ただ単に「経験豊富な選手が多かった」というだけでは、大舞台であれほどの一糸乱れぬ統率は実現しない。怪我で離脱中の主将・高橋彩子と副将・堀田えり子に代わりこのプレーオフでキャプテンマークを巻いている吉川紗代にその秘訣を聞いた。

日本代表としても活躍したキャプテンの吉川紗代

「小野監督からは、試合中の色んな状況に合わせた“プレーの選び方”について繰り返し言われてきました。

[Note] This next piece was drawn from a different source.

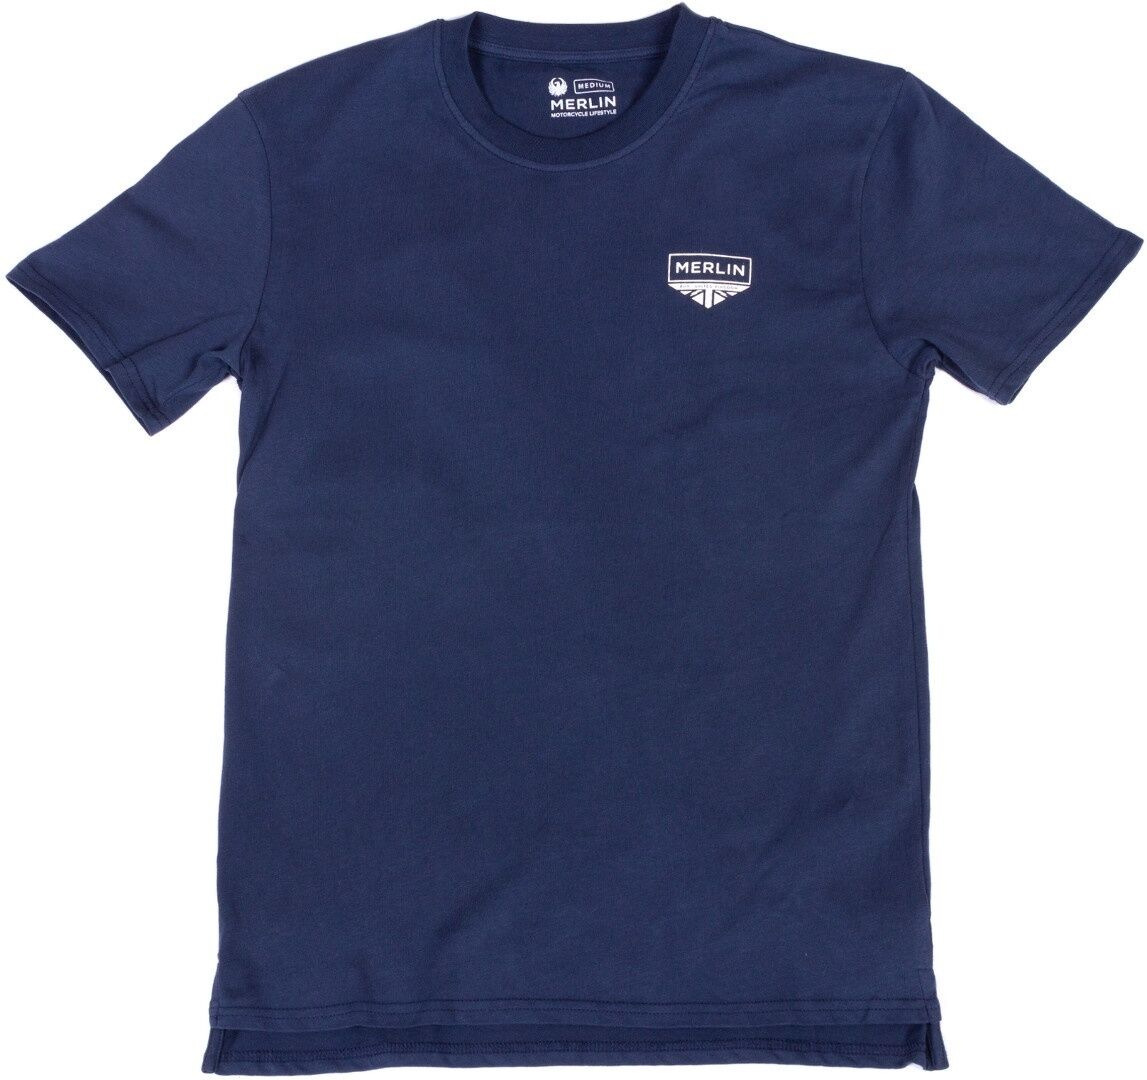 Merlin Truro Signature Camiseta - Azul (L)

勝っているのか負けているのか、前のゾーンなのか、真ん中のゾーンなのか、それとも後ろのゾーンなのか。それに合わせてどういうプレー選択をするのかという部分ですね。監督はそれを“振る舞い”って言うんですけど、時間帯、点差、場所などを考えた上で、各自がどういう振る舞いをするかということについては口酸っぱく言われてきて。チームとしてかなり意識することができるようになった部分だと思います」

小野監督が浸透させた「振る舞い」という合言葉によって、サイコロの選手たちの状況判断能力は着実に進化していた。ビハインドの中でもしっかりと状況を整理し、「今必要なプレーは何か」を各自が考え、責任を持って遂行した。逆転した後も浮足立つことなく、相手の守備組織の外側で上手くボールを回して時間を使うなど試合巧者振りを発揮したが、それは上記した積み重ねがあってこそ可能になったのだ。

いよいよ明日、サイコロはプレーオフ決勝でリーグ1位のアルコイリス神戸に挑む。リーグ戦無敗の強豪だが、勢いに乗るサイコロにも勝機はあるはずだ。

「負けていても苦しい展開になっても、やれることを一つずつやっていけば逆転できるというのをこの準決勝で証明できたので。神戸さんは本当に強い相手ですけどビビらずに、最後までチーム全員で頑張りたいと思います」(吉川)

泣いても笑ってもいよいよ今季最後の2試合。どんな展開になっても、サイコロらしい粘りのフットサルを貫きたいところだ。